Poulin Chris, Shiner Brian, Thompson Paul, Vepstas Linas, Young-Xu Yinong, Goertzel Benjamin, Watts Bradley, Flashman Laura, McAllister Thomas
The Geisel School of Medicine at Dartmouth College & The Thayer School of Engineering at Dartmouth College, Hanover, New Hampshire, United States of America ; The Durkheim Project, Portsmouth, New Hampshire, United States of America.
United States Department of Veterans Affairs, White River Junction VA Medical Center, White River Junction, Vermont, United States of America.
PLoS One. 2014 Jan 28;9(1):e85733. doi: 10.1371/journal.pone.0085733. eCollection 2014.
We developed linguistics-driven prediction models to estimate the risk of suicide. These models were generated from unstructured clinical notes taken from a national sample of U.S. Veterans Administration (VA) medical records. We created three matched cohorts: veterans who committed suicide, veterans who used mental health services and did not commit suicide, and veterans who did not use mental health services and did not commit suicide during the observation period (n = 70 in each group). From the clinical notes, we generated datasets of single keywords and multi-word phrases, and constructed prediction models using a machine-learning algorithm based on a genetic programming framework. The resulting inference accuracy was consistently 65% or more. Our data therefore suggests that computerized text analytics can be applied to unstructured medical records to estimate the risk of suicide. The resulting system could allow clinicians to potentially screen seemingly healthy patients at the primary care level, and to continuously evaluate the suicide risk among psychiatric patients.

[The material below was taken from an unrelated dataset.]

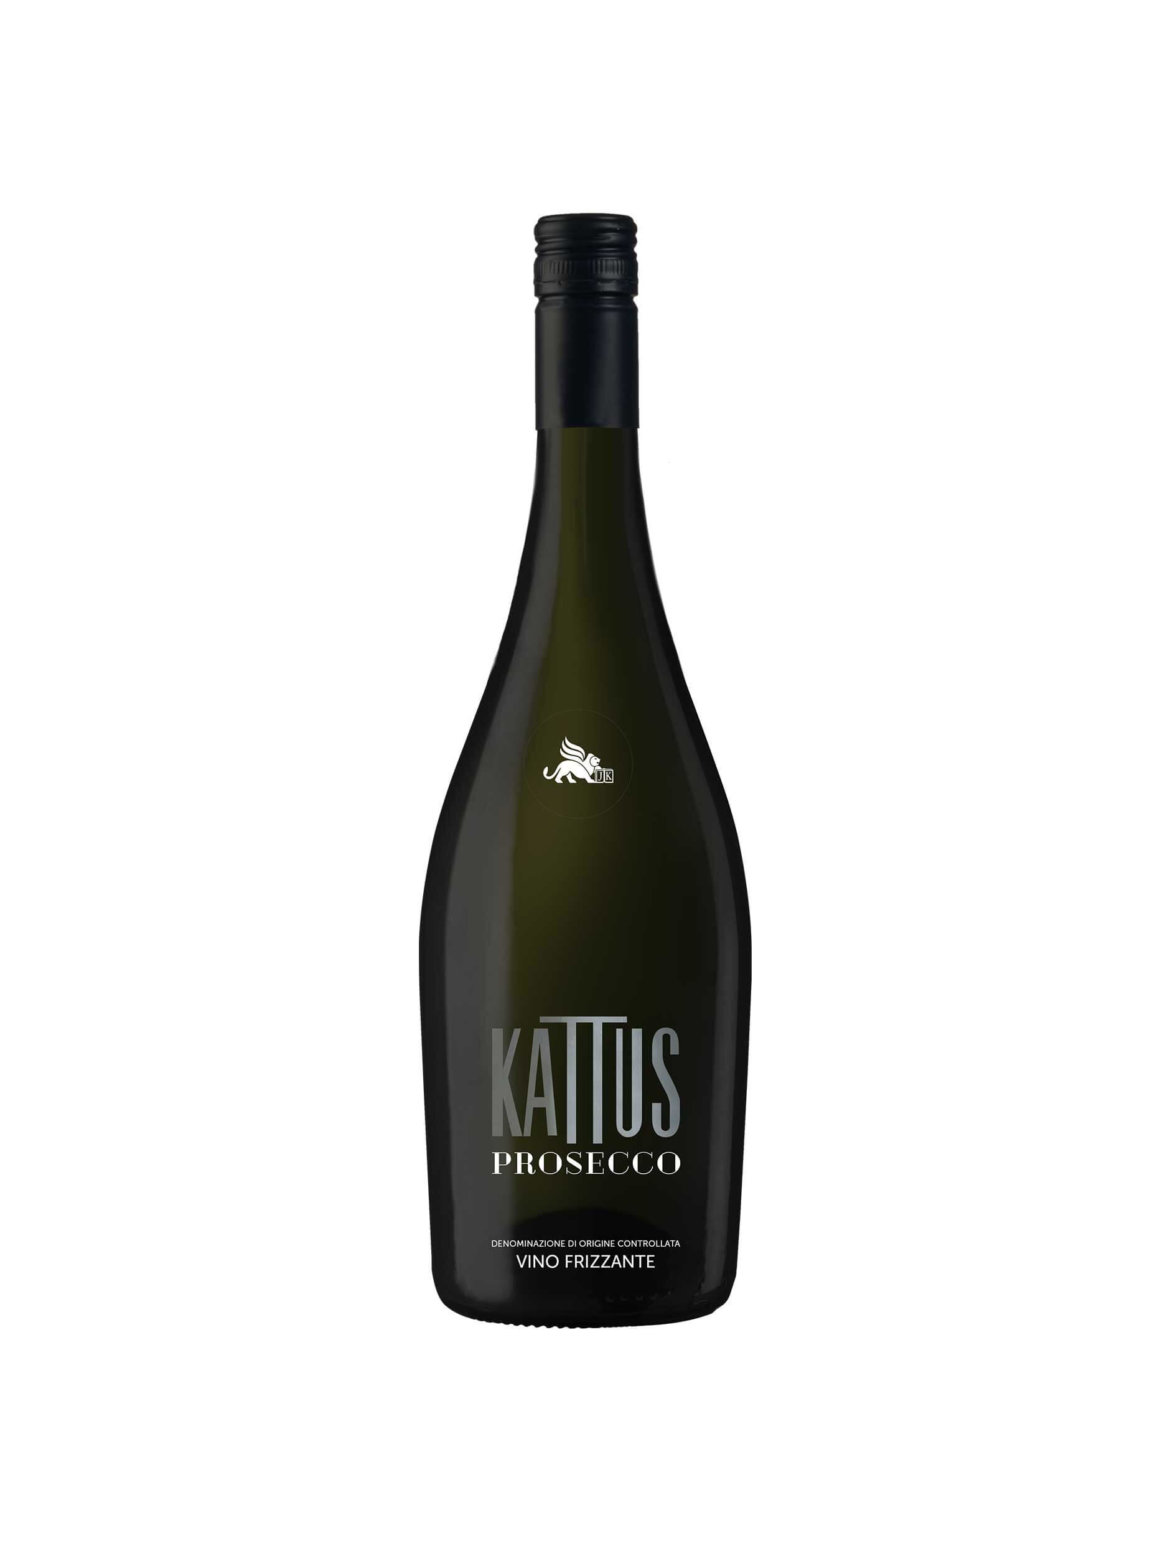 kattus-prosecco-vino-frizzante-doc.jpg

我们开发了语言驱动的预测模型来估计自杀风险。这些模型是从美国退伍军人事务部(VA)医疗记录的全国样本中提取的非结构化临床记录生成的。我们创建了三个匹配队列:自杀的退伍军人、使用心理健康服务但未自杀的退伍军人,以及在观察期内未使用心理健康服务且未自杀的退伍军人(每组n = 70)。从临床记录中,我们生成了单关键词和多词短语的数据集,并使用基于遗传编程框架的机器学习算法构建了预测模型。由此产生的推理准确率始终达到65%或更高。因此,我们的数据表明,计算机化文本分析可应用于非结构化医疗记录以估计自杀风险。由此产生的系统可以让临床医生在初级保健层面潜在地筛查看似健康的患者,并持续评估精神病患者的自杀风险。